Introduction and objective: Current guidelines recommend screening for coronary artery disease (CAD) in kidney transplantation (KT) candidates, but the supporting evidence is limited and outdated. This often leads to an accumulation of additional tests that delay the graft reception. In this context, our objective was to evaluate the pharmacological control of classic cardiovascular risk factors (CVRF) in these patients, based on the premise that effective pharmacological optimisation should precede any complex diagnostic approach.
Materials and methods: This is an observational, analytical and retrospective study of adult patients who underwent a KT in our autonomous community between January 2020 and December 2022. The criteria for performing advanced cardiological studies included the presence of multiple CVRF, diabetes mellitus (DM), angina-like symptoms or history of CAD. The patients’ usual treatments were recorded based on the hospital admission report.
Results: 156 patients underwent KT, 73% of whom were men, with a mean age of 57 years. Table 1 shows the population profile and the cardiological studies performed before transplantation. The execution of these advanced complementary tests resulted in a delay of 11 months in receiving the transplant. Table 2 presents some laboratory values prior to KT and the usual pharmacological treatment of these patients. Among diabetic patients for whom laboratory data were available, 55% were not within target ranges for HbA1c, and none received sodium-glucose co-transporter 2 inhibitors (SGLT2i). The established LDL cholesterol target of <55 mg/dl was achieved in a minority (25%), indicating significant optimisation margin in lipid-lowering therapy.

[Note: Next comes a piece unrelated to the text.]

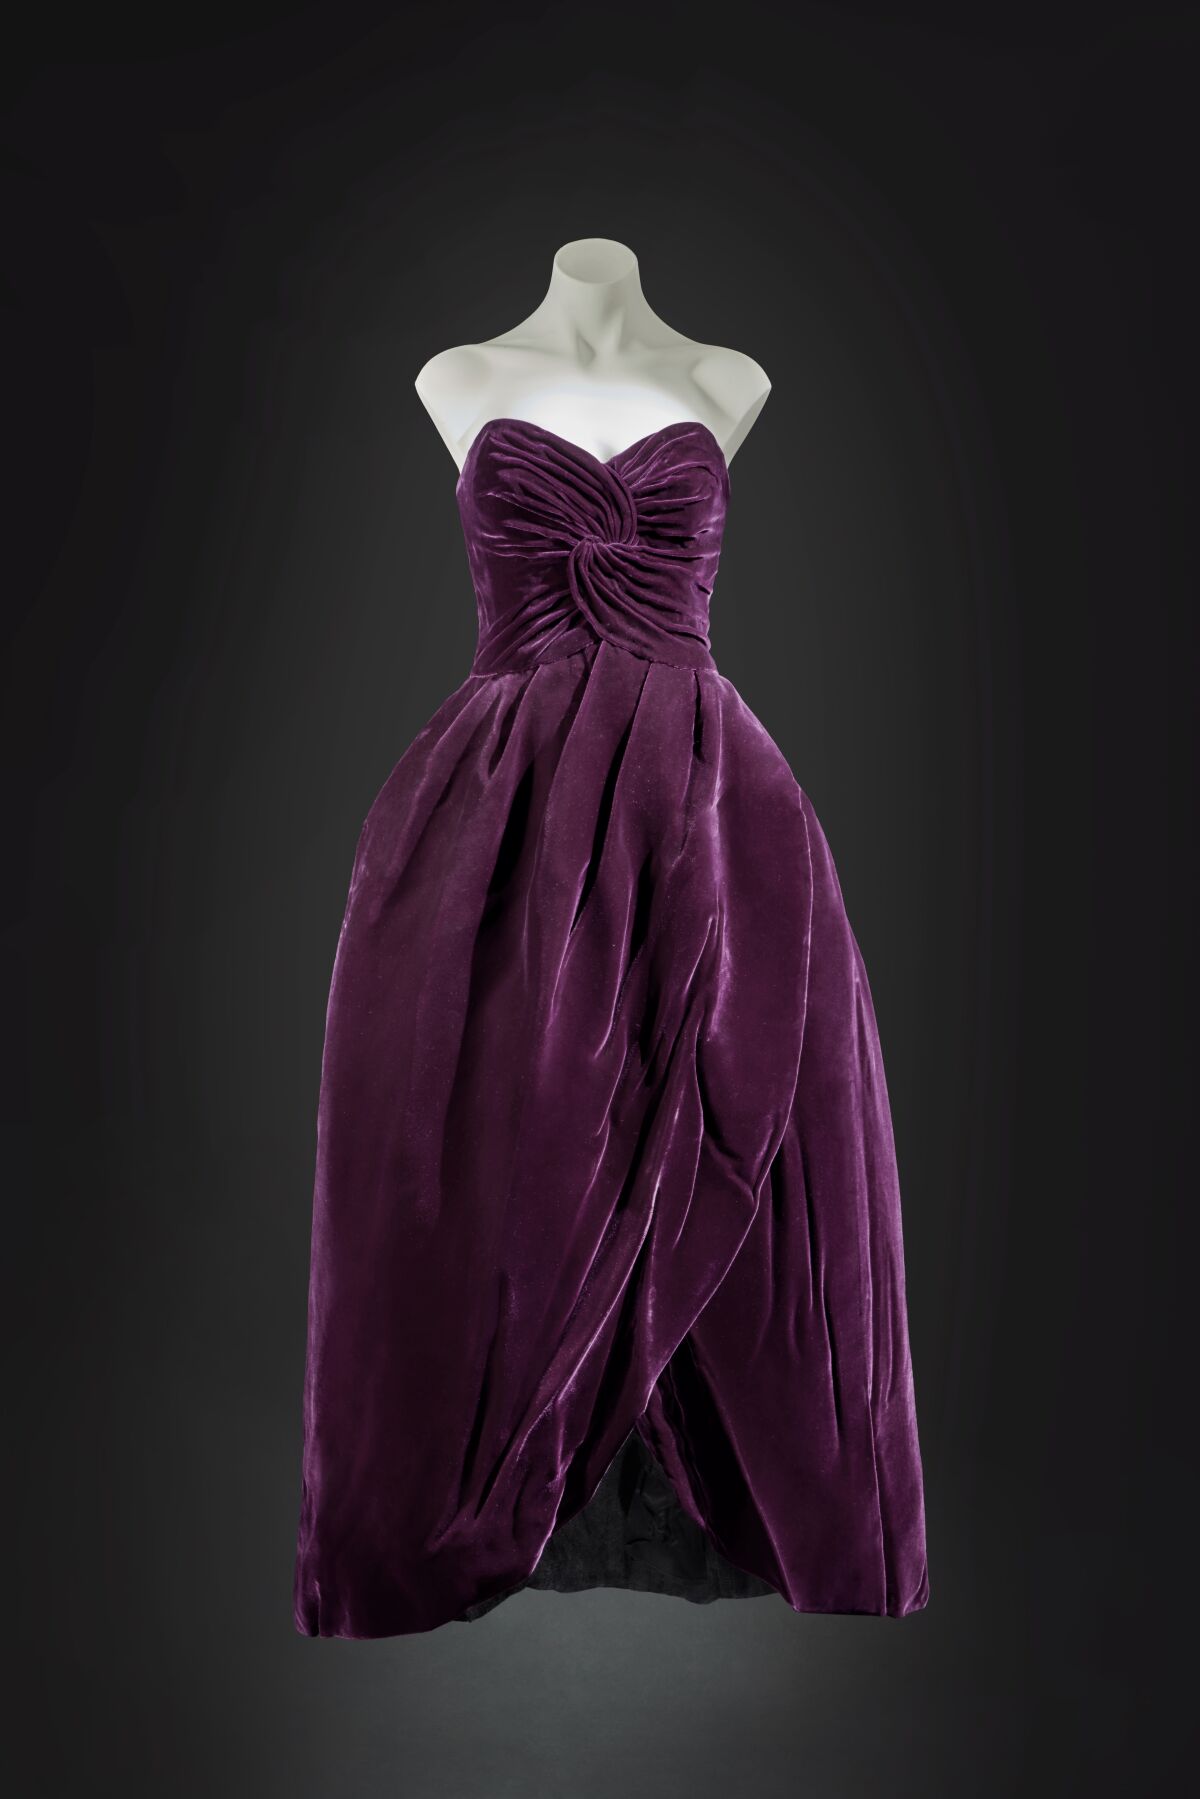 Uno de los vestidos favoritos de Lady Di, subastado por 600.000 dólares

Conclusion: A high proportion of patients (53%) undergo advanced cardiological studies prior to kidney transplantation, despite suboptimal baseline control of classic cardiovascular risk factors. The risk-benefit balance of these procedures should be carefully evaluated, as they increase the time on renal replacement therapy (RRT) by nearly a year, with the associated rise in mortality and the real opportunity for prior medical optimisation. The current evidence to pre-transplant cardiac evaluation may need to be reconsidered, with greater emphasis on pharmacological measures.